We conducted a comprehensive study to assess the linearity of gene and isoform abundance reported by different RNA-seq quantification methods based on the performance how these quantifications fitted in a multiple regression linear model. From our analysis, we observed that abundance at both the gene and isoform level from different quantification methods exhibit distinct distribution patterns and thus give diverse results. Abundance reported in the units of counts gave poor linearity, demonstrated from the worst estimated parameters and intercept values of the model. This indicates the necessity of normalizing the abundance data prior the deconvolution analysis. In total, TPM reported by Salmon and Kallisto is the best abundance data for linear models as the estimated parameters are close to true mixture proportions and the fitted values are tightly linearly correlated to the sample’s measured abundance. Moreover, when comparing within the same quantification method at both gene and isoform levels, the correlation between the measured and models’ fitted values is lower at isoform level compared to gene level while the performance on estimating parameters of linear models are similar in both levels.

Methods

Dataset

The dataset used in this study is the RNA-seq data generated by the Sequencing Quality Control (SEQC) project. Raw data in fastq format were obtained from GEO website with accession number GSE47774. List of downloaded samples and their details is specified in Additional file 6: Table S1.

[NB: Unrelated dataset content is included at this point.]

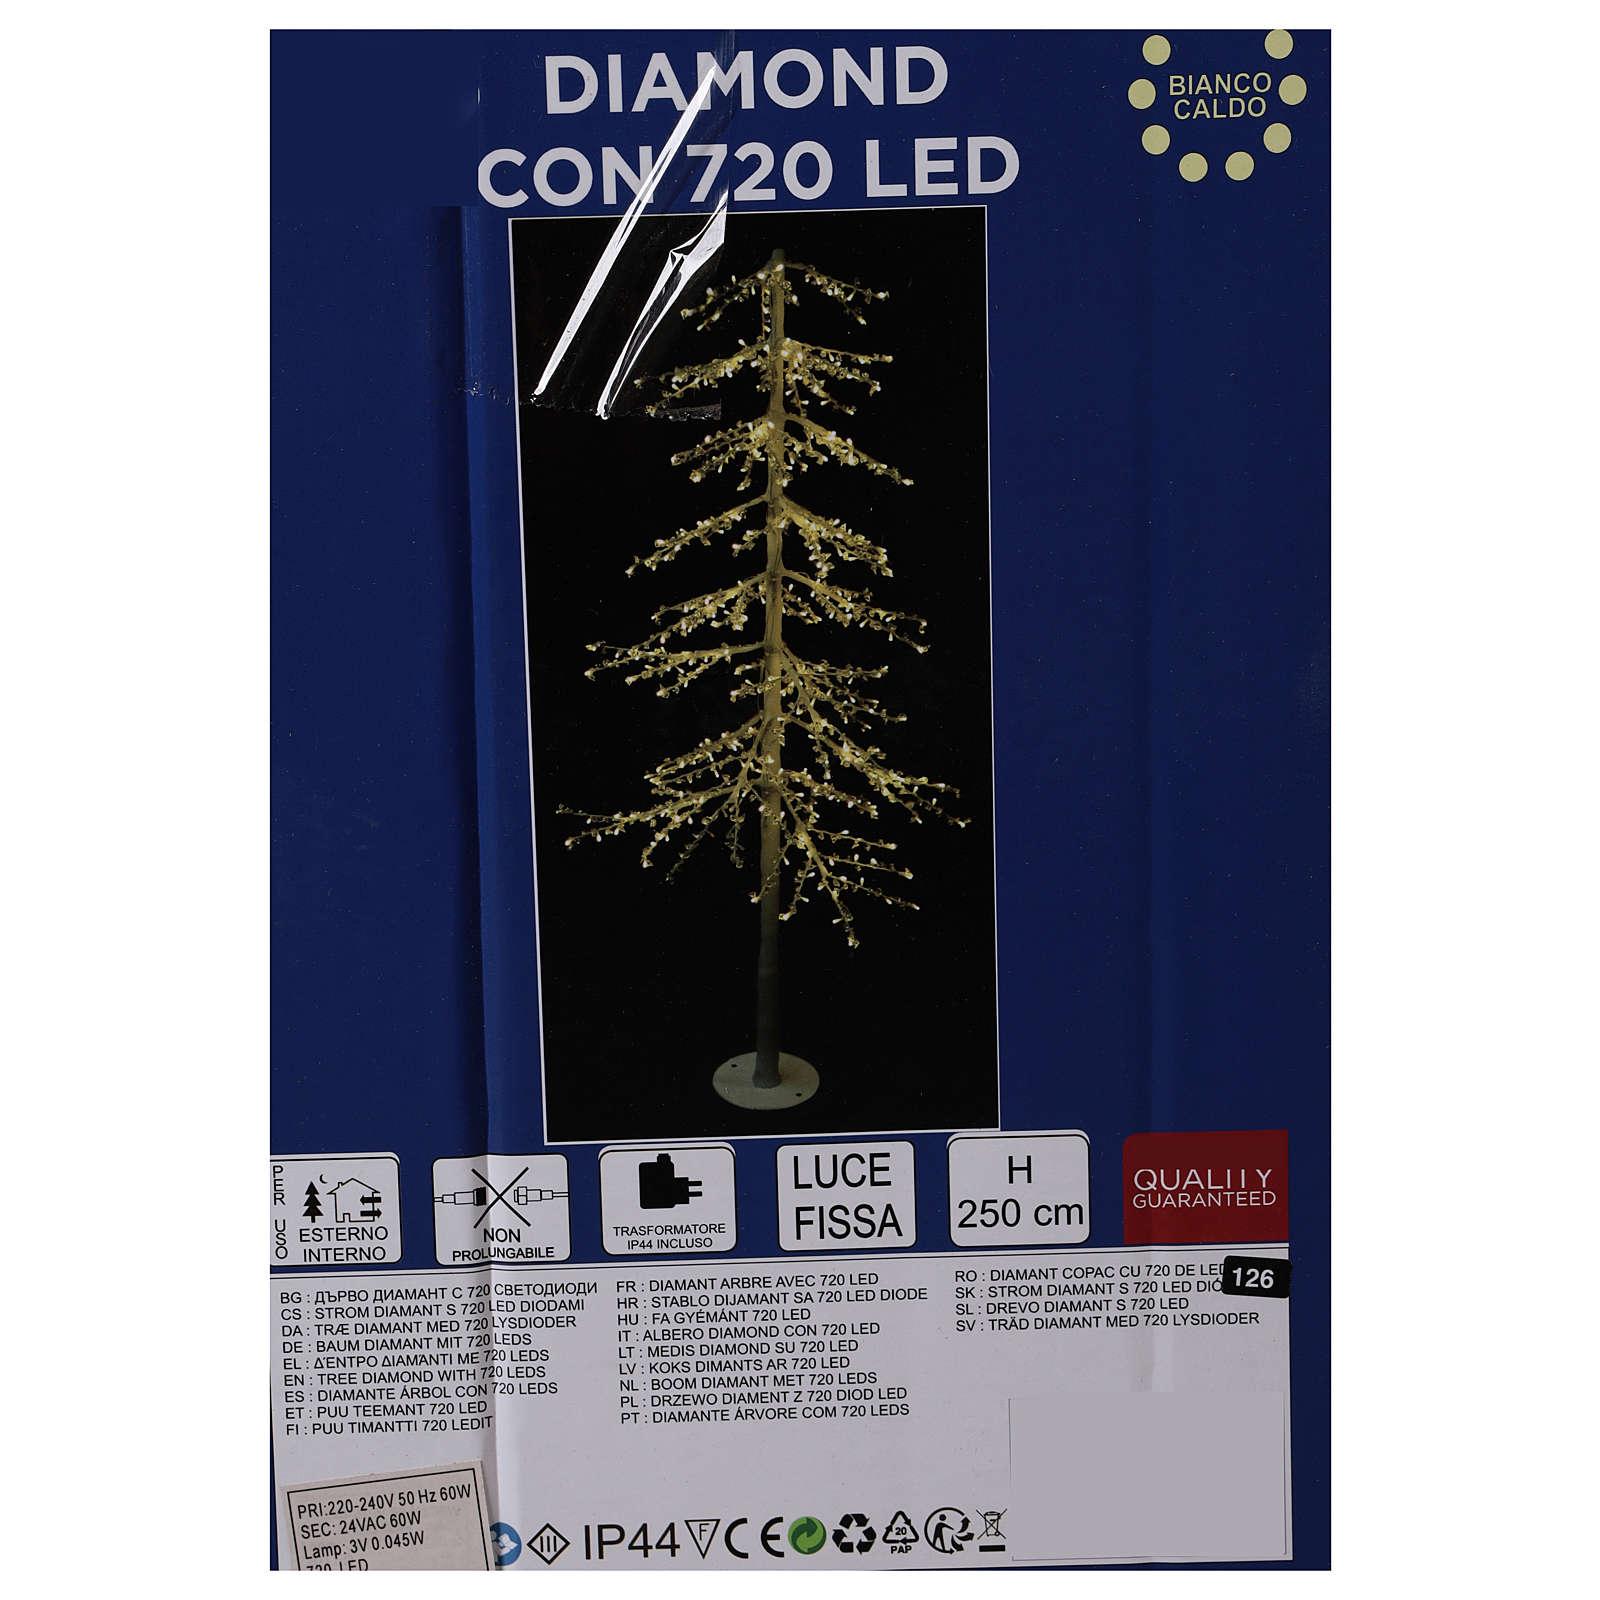 Albero luminoso Diamond 250 cm 720 led bianco caldo esterno corrente 3
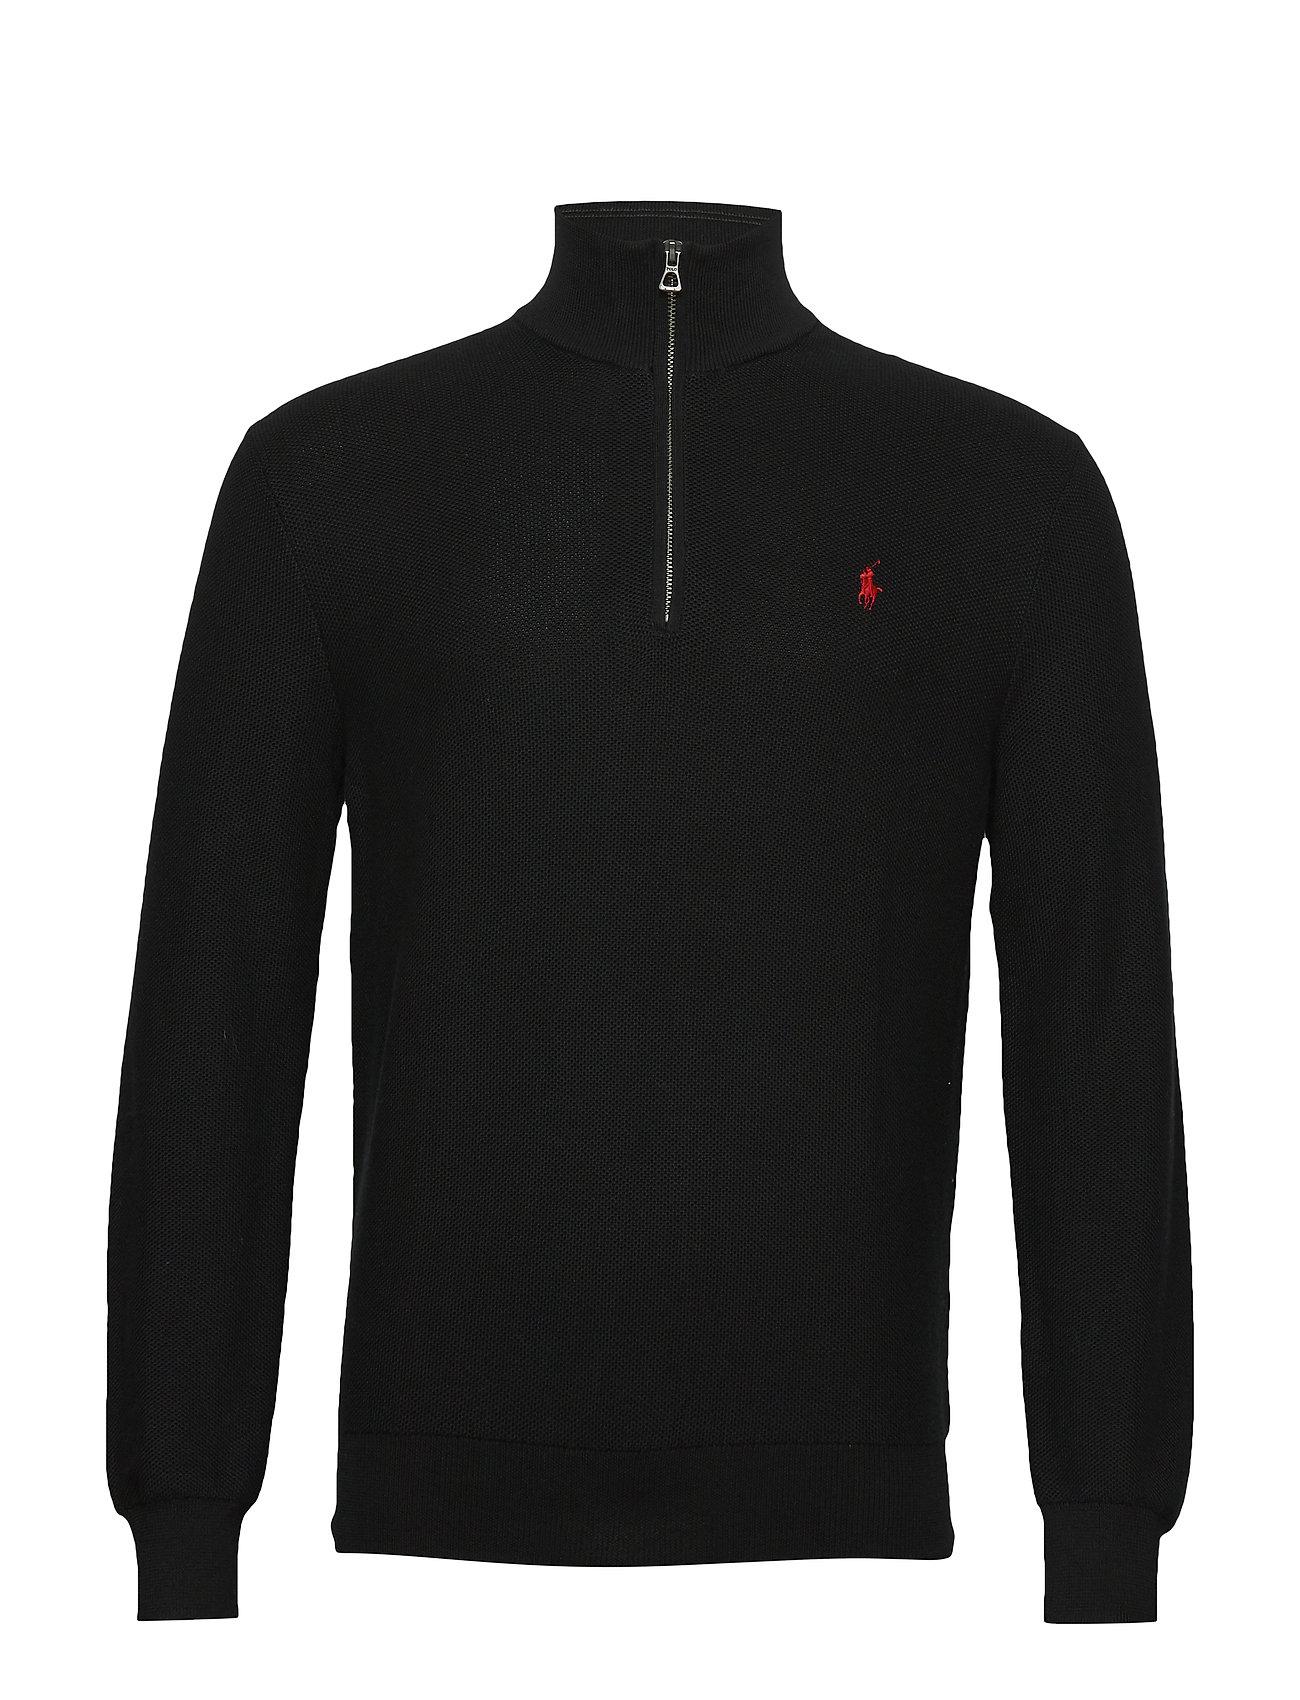 Polo Ralph Lauren Cotton Half-Zip Sweater - POLO BLACK

Data quantification and analysis

Raw sequence reads from multiple lanes were first merged into one for each replicate of each sample. To prepare sequence map files for alignment-based quantification methods, the merged sequenced reads were mapped to human reference genome (hg19) using Tophat2 (version 2.1.0) with default parameters. The mapped files were then used by quantification methods HTSeq (version 0.6.1) to obtain count data, Cufflinks (versin 2.1.1) to obtain FPKM data. RSEM (version 1.2.31) will first mapped the raw reads using its default aligner Botwtie2 (version 2.1.0) onto human genome (hg19) and then estimate count, FPKM, and TPM. EdgeR (version 3.12.1) is used for count data transformation. Alignment-free quantification methods Kallisto (version 0.42.5) and Salmon (version 0.6.0) estimate the count and TPM data based on index built from human transcriptome (GRCh37). All the quantification methods were run at both the gene and isoform levels. All the statistical analysis and plots were carried out in R environment (version 3.2.3).